TomarNames

Dan’s intro

This session I proposed for the agenda again for a fairly selfish reason: In working through the DeepBank treebanking, and hearing quite reasonable complaints about inconsistent annotation… there’s a large class of cases where our formalism or our current use of it doesn’t quite guide us in the right direction of uniform annotation as regards to proper names. A single word, capitalized, not so hard. Two together — not much ambiguity. Three tokens (Jonas Klemper Schmidt) — start to need to know about which names tend to be middle names or last names to decide on bracketing.

A set of cases to illustrate how the situation is a little messy:

  • Three or more token names from other cultures.
  • Words which are also non-name words of English capitalized in non-initial position. Non-nouns used in noun spots, not so hard. I believe that Grumpy is one of the dwarves that slept in late. Current machinery can posit a proper noun entry for Grumpy. If the word is a count noun, can still find it because otherwise there would be no parse. As long as there’s not much ambiguity, fairly robust.
  • Bracketing conventions: sequences of proper names without high confidence, just go for left bracketing. Creates tension when there’s a sense that you might want a different structure: International Business Machines. In order to avoid the inconsistency that would result from trying to make all those decisions, name-name-name compounds treated as left bracketing, unless you have reason to do something different. Leads to annoyances with New York Stock Exchange — almost no instances of New York Stock without Exchange, so the left bracketing looks weird.
  • Can put in a declaration in a file establishing domain-specific bracketing for particular frequent terms in a domain being treebanked. Supports consistency without insisting on left-bracketing everywhere.

The proposal on the table today is going to affect some of these earlier decisions.

Case I’m worried about now are nouns that could perfectly well fit where they are, and yet they’re capitalized: The Department of Defense which used to be called the Department of War. Orwellian capitalized words that may or may not mean what they appear to. The annotator’s decision is between named entity analysis and transparent analysis. For a while I was saying that the capital letter specifically flags opaque proper names. But that leads to a radically different semantics in our representation. Especially annoying in The Departments of Defense, Justice and state with lower case s — get weirdly different representation of the departments. Always named_rel for the named entities, with interesting stuff in CARG. Ordinary common nouns (known or unknown/generic), have _[lemma]_n_rel — content is in the name of the predicate, not in CARG. Especially annoying in e.g. titles where every word is capitalized by convention and it doesn’t mean that the author is using the words in a funny way. Does author of Dept. of Justice Shrinks. mean Justice or justice?

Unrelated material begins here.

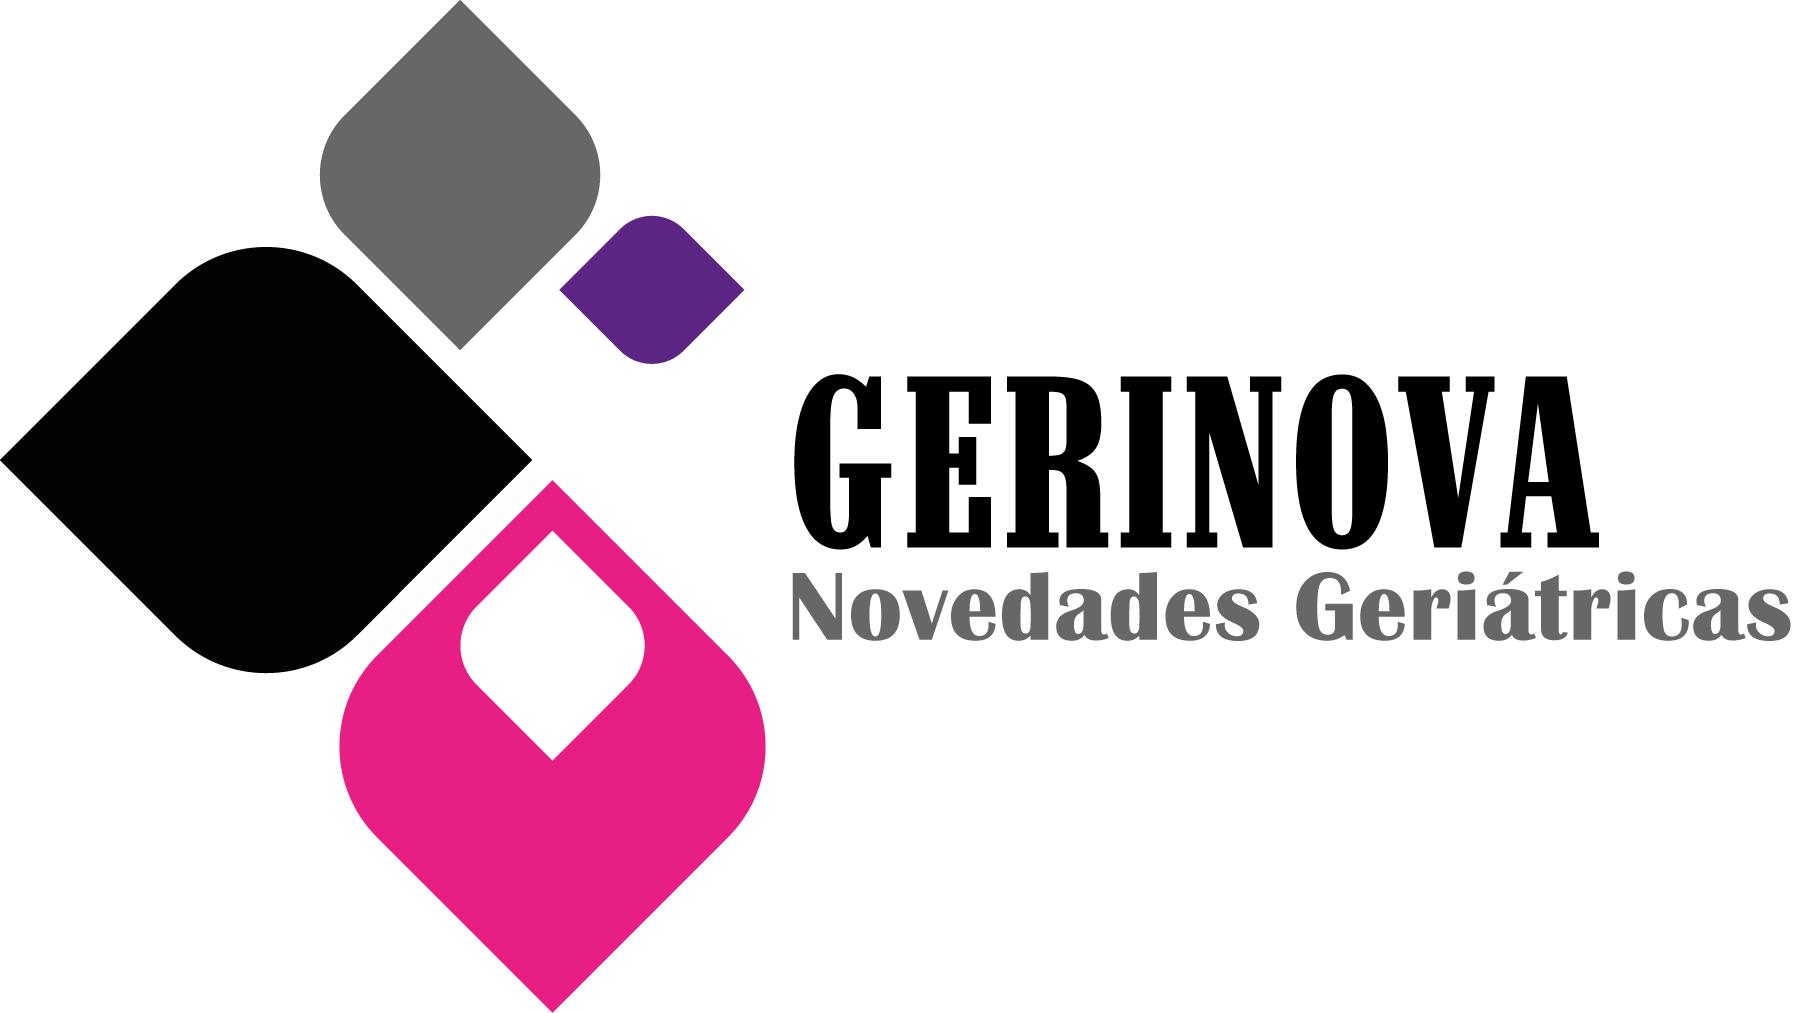 gerinova
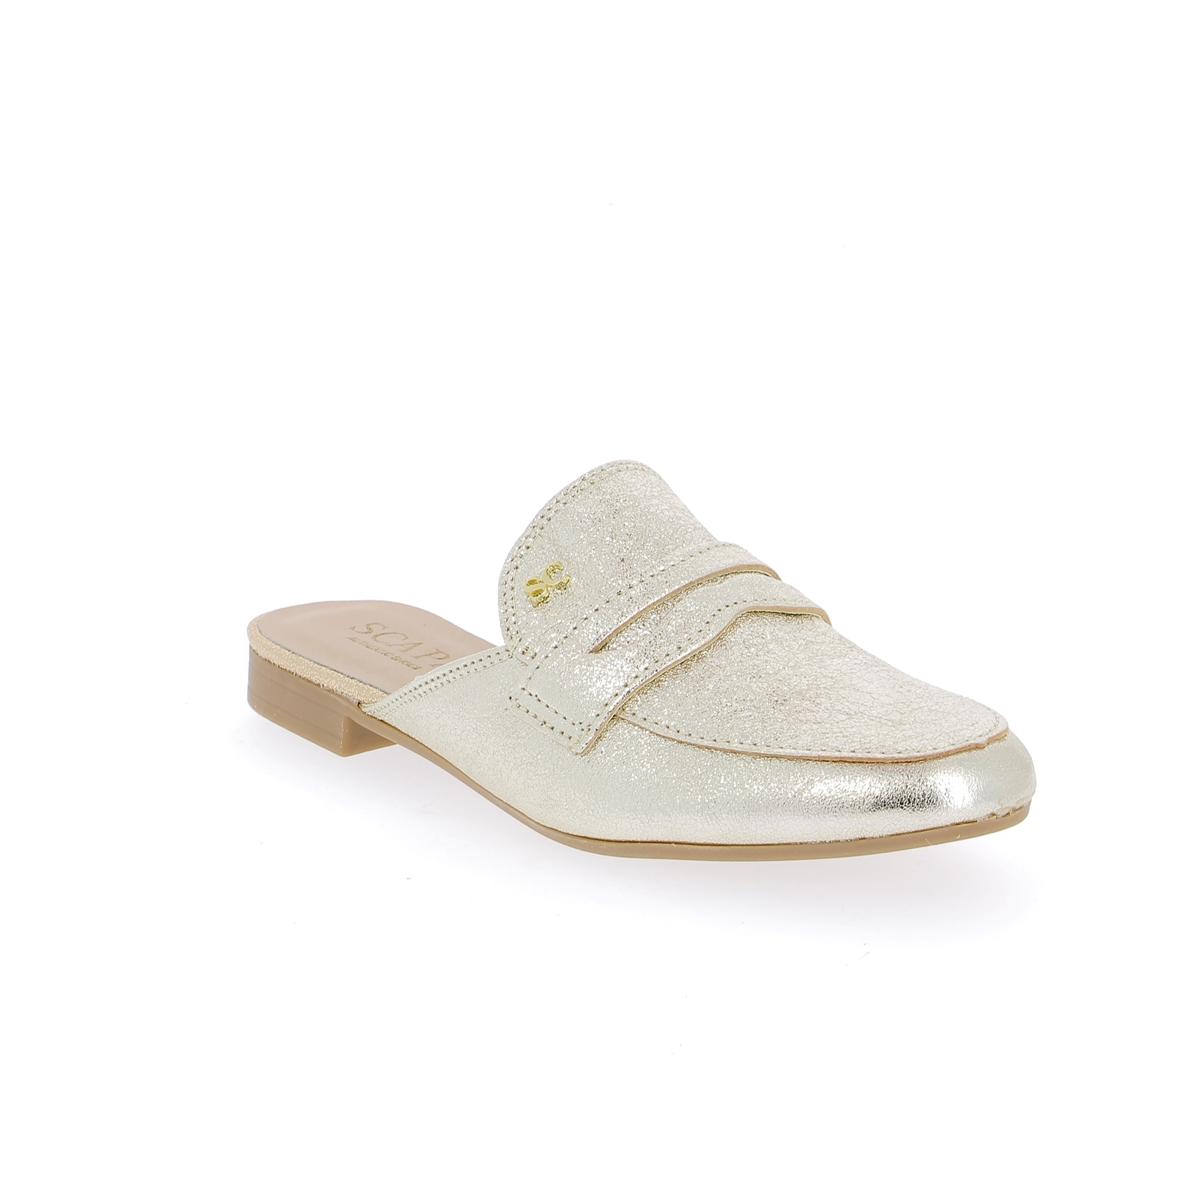 c6cdcb9c8e3 Scapa Muiltjes - slippers Scapa Muiltjes - slippers goud

In Bellingham, tried to figure out how to minimize the difference between named entities and non-named entities. The proposal I’m interested in exploring is having the predicate name in all nouns be _[lemma]_n_rel for State or state, while recording the capitalization somewhere in the EP, probably on the ARG0. We could fiddle with things like putting it in the subsense field or something, but again we’d have two different semantic predicates which is what I’m trying to avoid, for the purposes of easily ignoring it when it makes sense to do so. Trouble is how to annotate that info that we’re not too embarrassed about—smuggling punctuation info right into the semantics, so we can make a maximally common specification.

In the case of adjectives, there doesn’t seem to be a practical way to do exactly the same word with only the caps info—Grumpy as _grumpy_n_rel + caps, grumpy as _grumpy_a_rel. Maybe problematic because you’d need some way to know that _grumpy_n_rel can only be there with caps. Still some vexation with the count nouns, like my friend in San Francisco named Tree: I think Tree is coming to the party tonight. Tree will be _tree_n_rel +caps, and can’t interpret it correctly without knowing that it’s a proper name, since count nouns can’t appear there without an article. If I said The Tree is falling referring to a distinguished tree named Tree, don’t really know if the caps are indicating something important or not, would need to look at contextual info. The decision about conflating the representations of named and non-named things will address a large class of difficulties I encountered.

Proposed grammar behavior: In common noun case, only a single lexical entry with an annotation from the preprocessor, then a non-branching rule sensitive to the property. Trying to avoid having two lexical entries Justice and justice in the chart, so annotators don’t have to decide.

Discussion

Ann: Why aren’t you going for an account where you underspecify and the specify further in the case where you know for sure (e.g. Grumpy and I think Tree went to the party.).

Dan: I think Tree went to the party no choice.

Ann: Not in the chart, but in the MRS. What’s showing the specification there.

Dan: I’m still going to introduce a proper_q_rel in that case. Not proposing to change the inventory of quantifiers.

oe: As I understand it, Dan is looking for a different semantics to give to names that would allow underspecifiation where there is uncertainty/ambiguity between common noun and proper noun. Gist of the proposal is to eliminate CARG and have the predicate carry the lemma info with PN variable property on the ARG0. PN means proper name, not proper name, or don’t know. Would closely correspond to capitalization, but distinct.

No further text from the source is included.